* **Problem requirements**
Repeat the listing that follows, character for character, minus the pictures.

* **Supplied material**
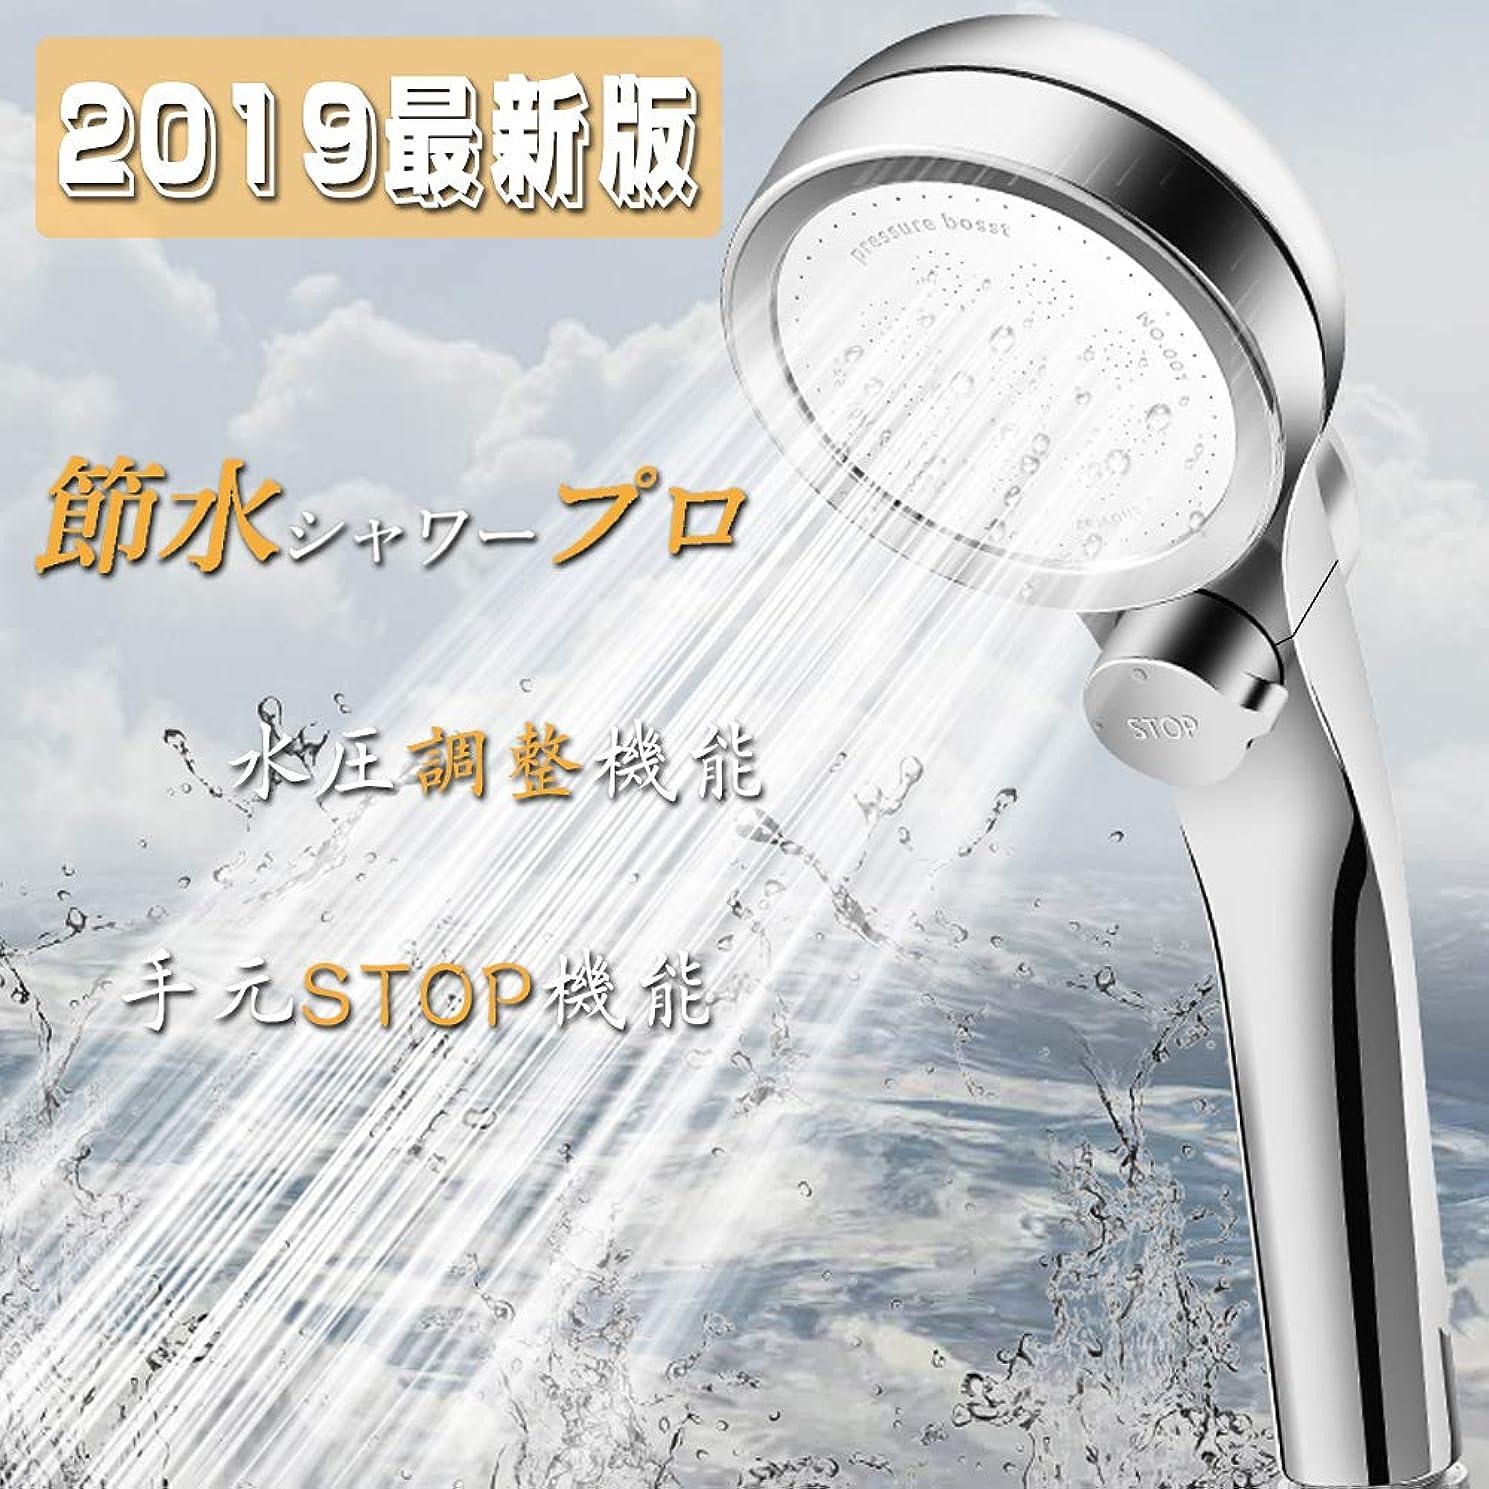 計り知れないヶ月目ブリーフケース【2019最新版】Drakefyre シャワーヘッド 節水 増圧シャワー 水量切替 手元止水 浄水 内蔵フィルターボックス 取り付け簡単 工具不要 国際汎用基準G1/2
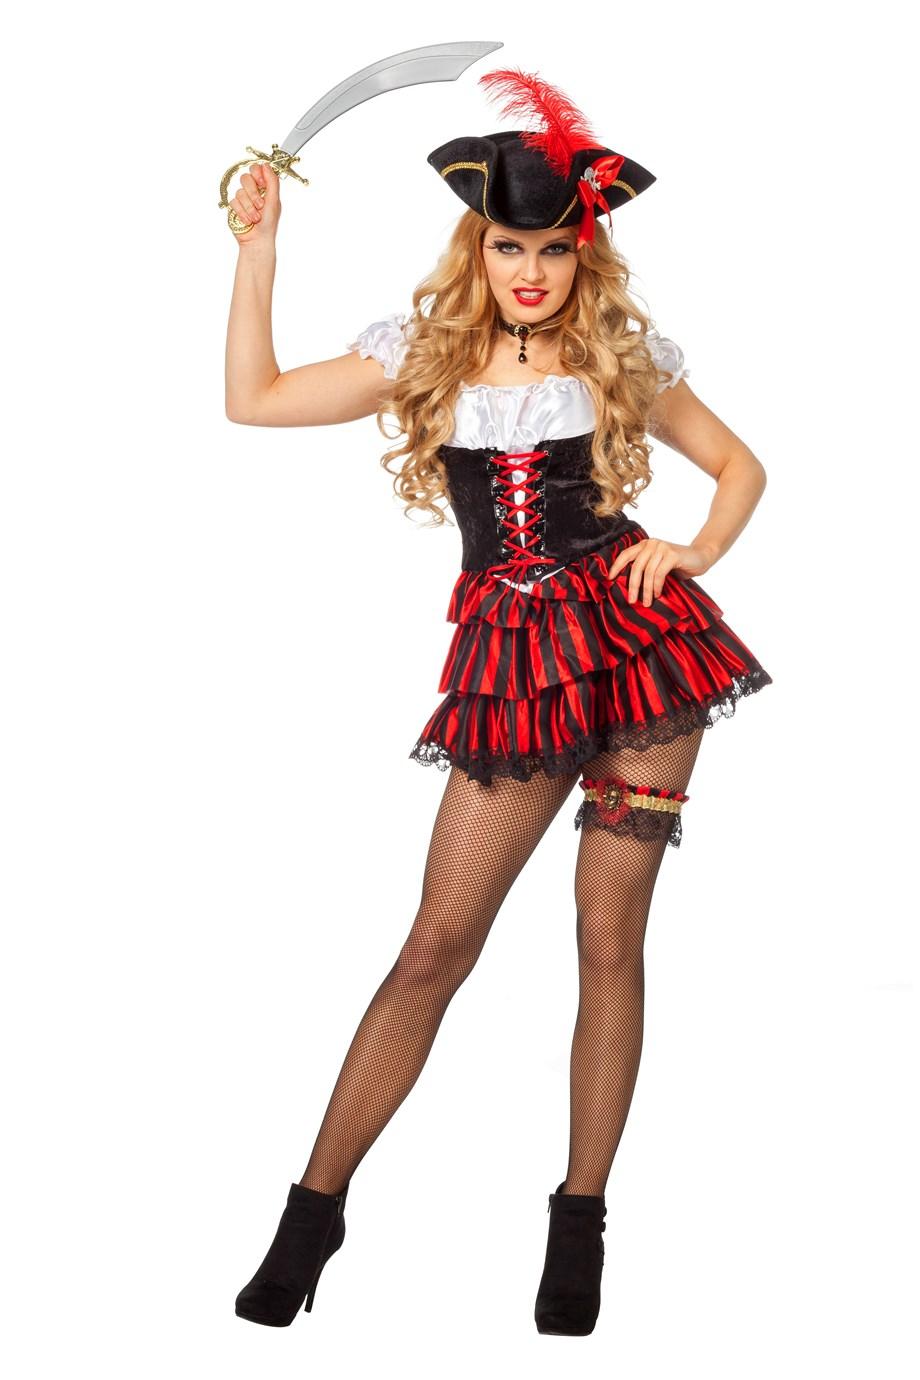 faschingskost m sexy piratin schwarz mit roten kost me f r fasching karneval und mottopartys. Black Bedroom Furniture Sets. Home Design Ideas
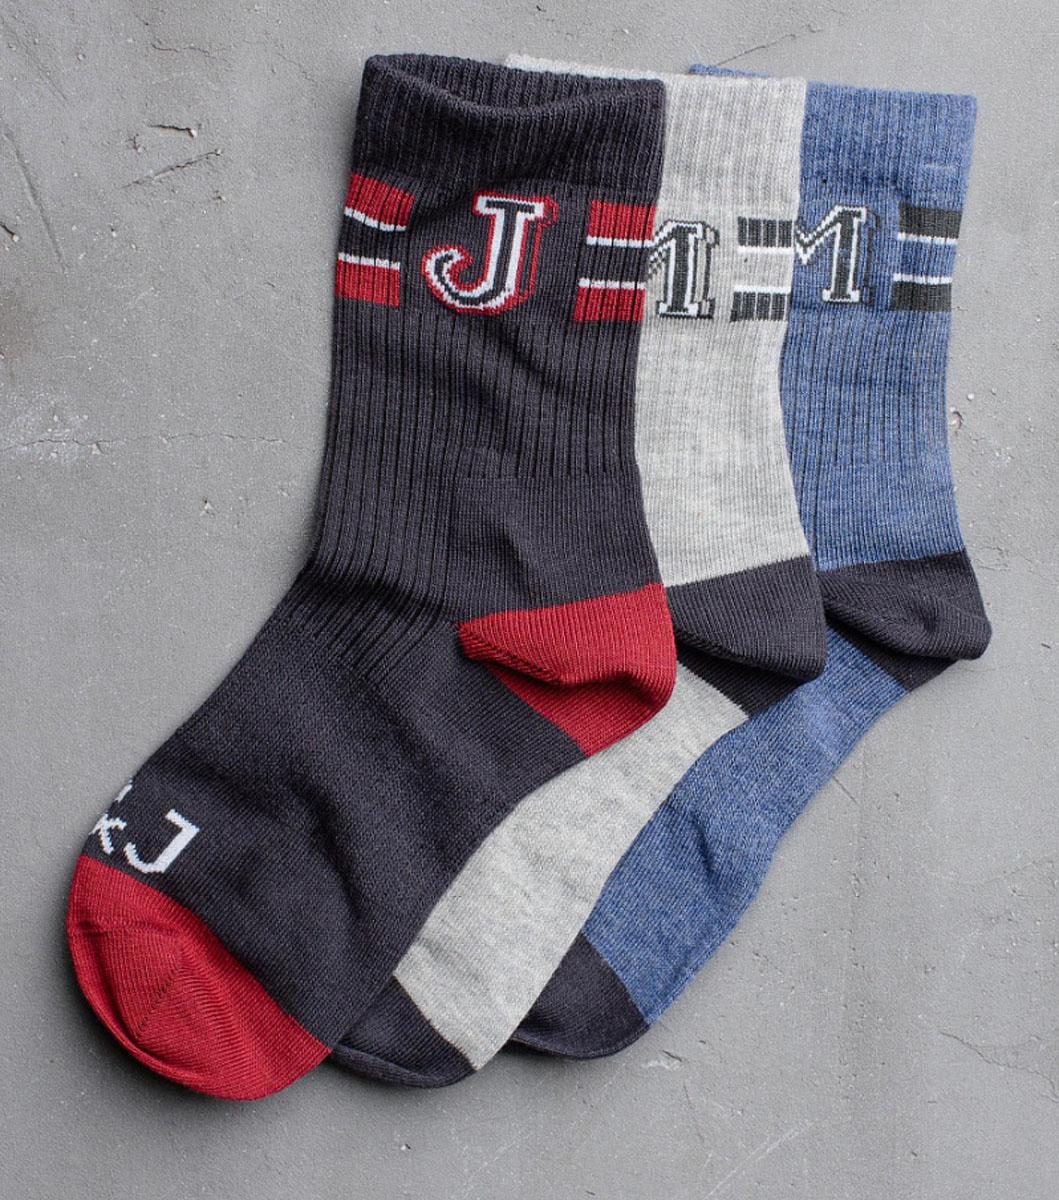 Носки для мальчика Modniy Juk, цвет: мультиколор. Socks 20/Logo. Размер 20/22Socks 20/Logo/Стильные носки для мальчика Modniy Juk изготовлены из высококачественного материала, они приятны на ощупь, не раздражают нежную и чувствительную кожу ребенка, позволяя ей дышать. Модель отлично облегает стопу. Усиленный мысок и пятка продлят срок эксплуатации. Изделие дополнено логотипом в стиле Modniy Juk.
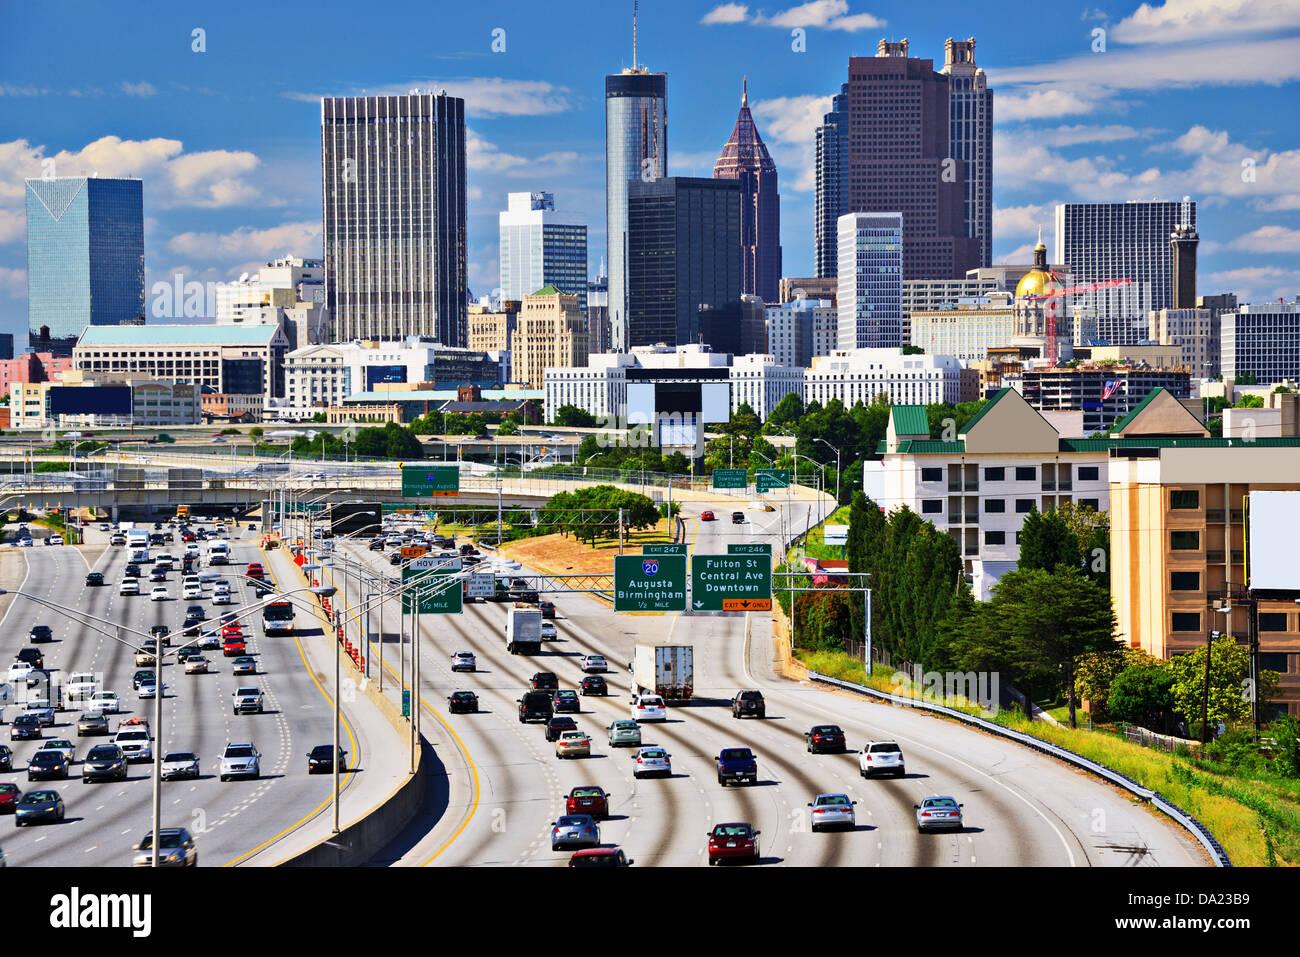 Perfil del centro de la ciudad de Atlanta, Georgia. Imagen De Stock

* **Answer to the problem**
 計り知れないヶ月目ブリーフケース【2019最新版】Drakefyre シャワーヘッド 節水 増圧シャワー 水量切替 手元止水 浄水 内蔵フィルターボックス 取り付け簡単 工具不要 国際汎用基準G1/2
 faschingskost m sexy piratin schwarz mit roten kost me f r fasching karneval und mottopartys. Black Bedroom Furniture Sets. Home Design Ideas
 Носки для мальчика Modniy Juk, цвет: мультиколор. Socks 20/Logo. Размер 20/22Socks 20/Logo/Стильные носки для мальчика Modniy Juk изготовлены из высококачественного материала, они приятны на ощупь, не раздражают нежную и чувствительную кожу ребенка, позволяя ей дышать. Модель отлично облегает стопу. Усиленный мысок и пятка продлят срок эксплуатации. Изделие дополнено логотипом в стиле Modniy Juk.
 Perfil del centro de la ciudad de Atlanta, Georgia. Imagen De Stock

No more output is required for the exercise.